The lesser moments from “Cradle to the Grave” don’t suffer from any lack of craft so much as from sameness. “Beautiful Game” and “Happy Days” are both languid reflections on childhood days spent outdoors. You can almost hear the Super 8 camera rolling behind the mid-tempo of the former, while the latter is distinguished exclusively by the addition of more strings and a dulcimer. Later on, “Sunny” continues the memories at sunset vibes. It’s similarly unhurried and mostly charming, just without an electric guitar or drums. Somewhere in its melody, you can hear faint traces of “Tempted.” But, the rest of early Squeeze is gone. it’s nowhere near Pub Rock or New Wave, much less Punk Rock.
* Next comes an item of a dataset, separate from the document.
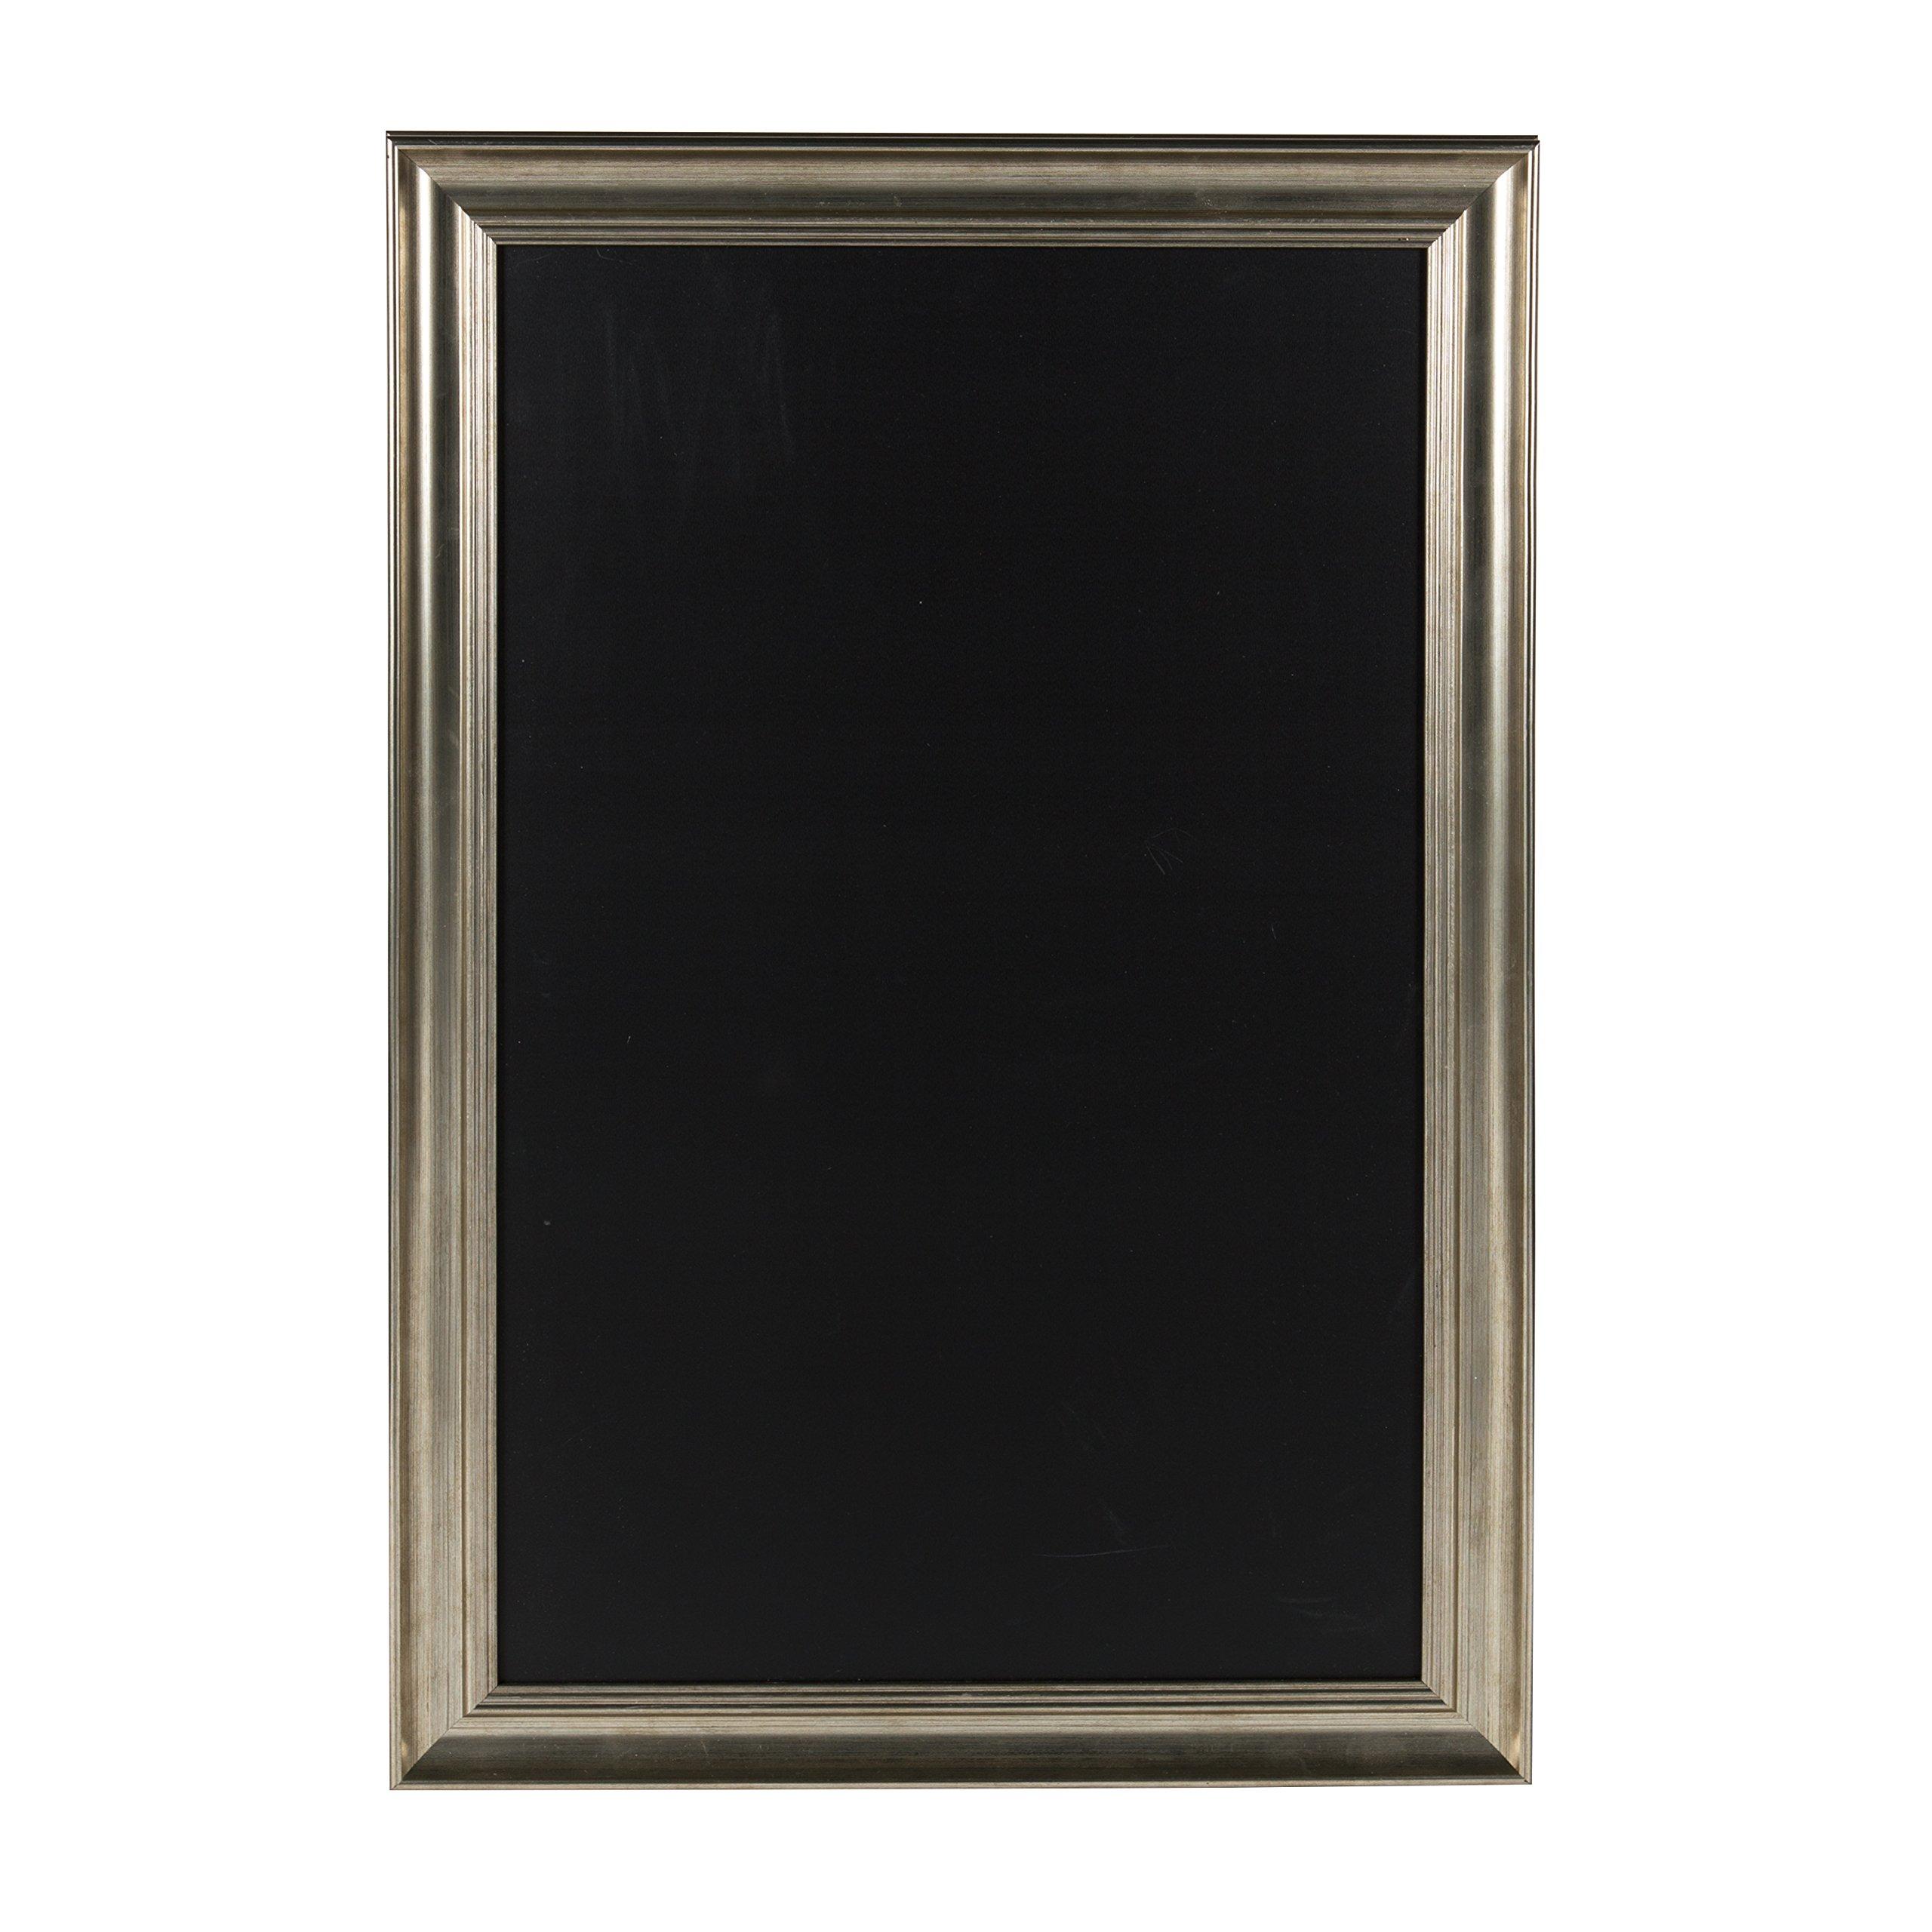 Kate and Laurel Macon Framed Magnetic Chalkboard, 18x27, Pewter

“Snap, Crackle and Pop” closes the album with graceful Bacharach-esque verses, followed by a rousing chorus that rewards all the waiting and remembering. On an album of twelve songs (sixteen if you count the bonus tracks) it’s the only one that has blood pumping through its veins. It’s the one song wherein you can hear all of Squeeze’s forebears but also where you are also reminded just how narrow their own influence ultimately was.
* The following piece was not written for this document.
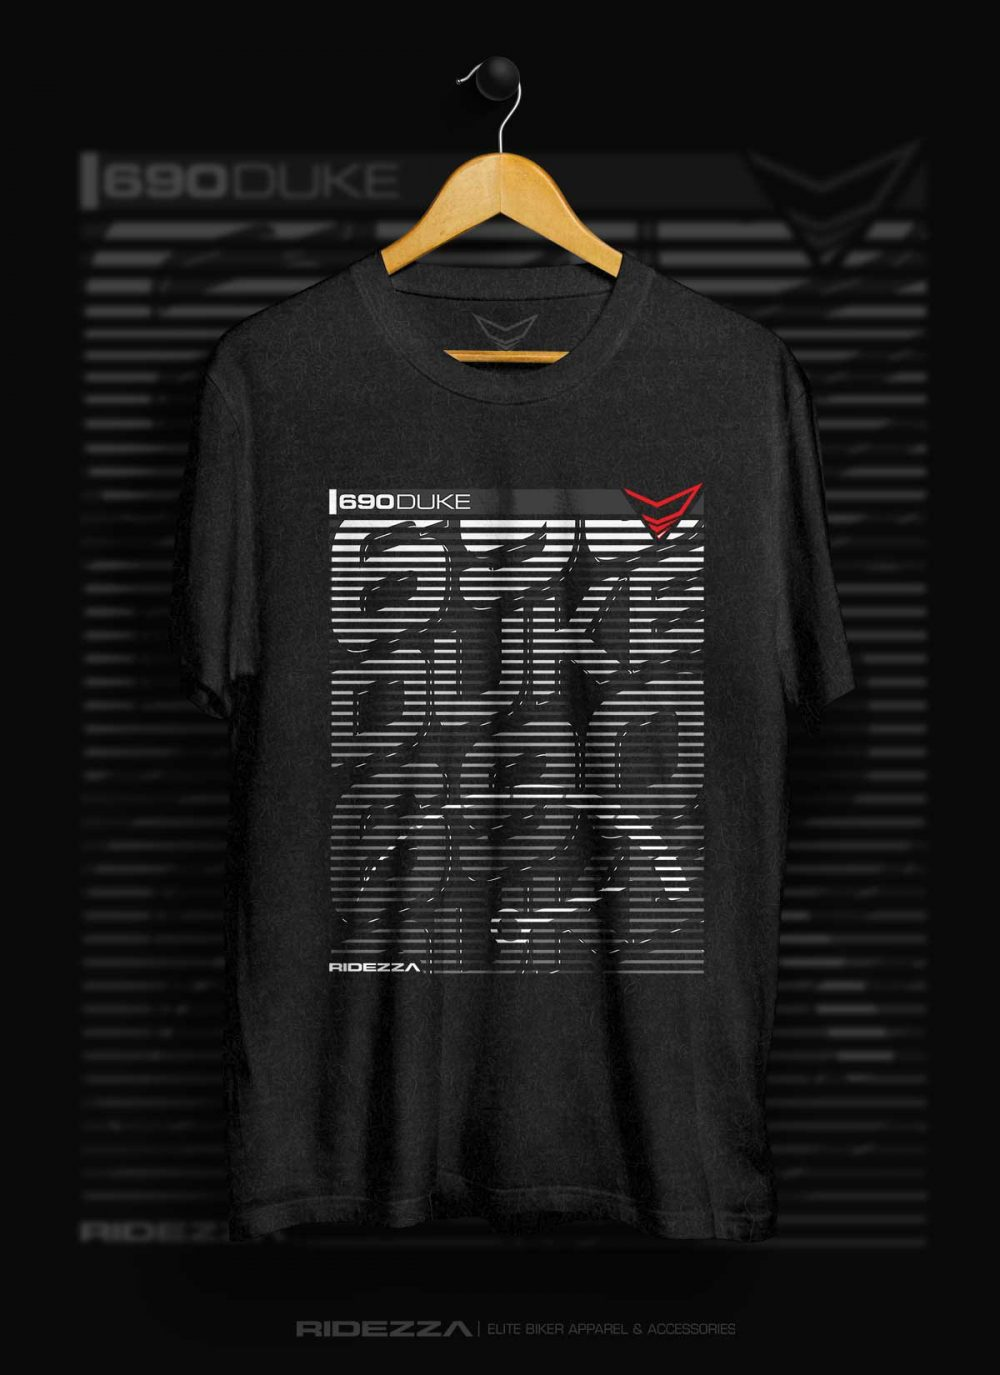 df1c9826 KTM 690 Duke Speedy T-Shirt | Ridezza

That honeyed tenor. Those grad school lyrics. As wonderful as they could be, they never had a platinum album. Never had a number one hit — not even in the U.K. They were different. They were special. Yes. But, they did not spawn a sea of imitators. Decades later, their scent is hard to detect. They’re not classically New Wave. They’re certainly not Post-Punk. And they are different from their closest peers — Elvis Costello, Nick Lowe and Graham Parker — in that they are a band. The two bands that are perhaps their closest descendants would be The Shins and The New Pornographers. I love both artists. But their distinctness and their Indie-ness confirms the obvious: Squeeze’s sound was both hard to recreate and not for everyone.

Squeeze is rarely discussed in the way that their more famous, if (forgive me) musically lesser, contemporaries are. The Cars and Blondie are both in the Rock and Roll Hall of Fame. But, as much as I like those bands, if you take their twelve best songs and play them next to “Singles – 45's and Under,” it’s very clear whose Greatest Hits are actually the greatest. Thirty years after I told my mom to either give away or chuck out my old cassettes, I still proudly hold onto Squeeze’s first compilation. It’s the greatest of Greatest Hits. It’s exactly why the form exists.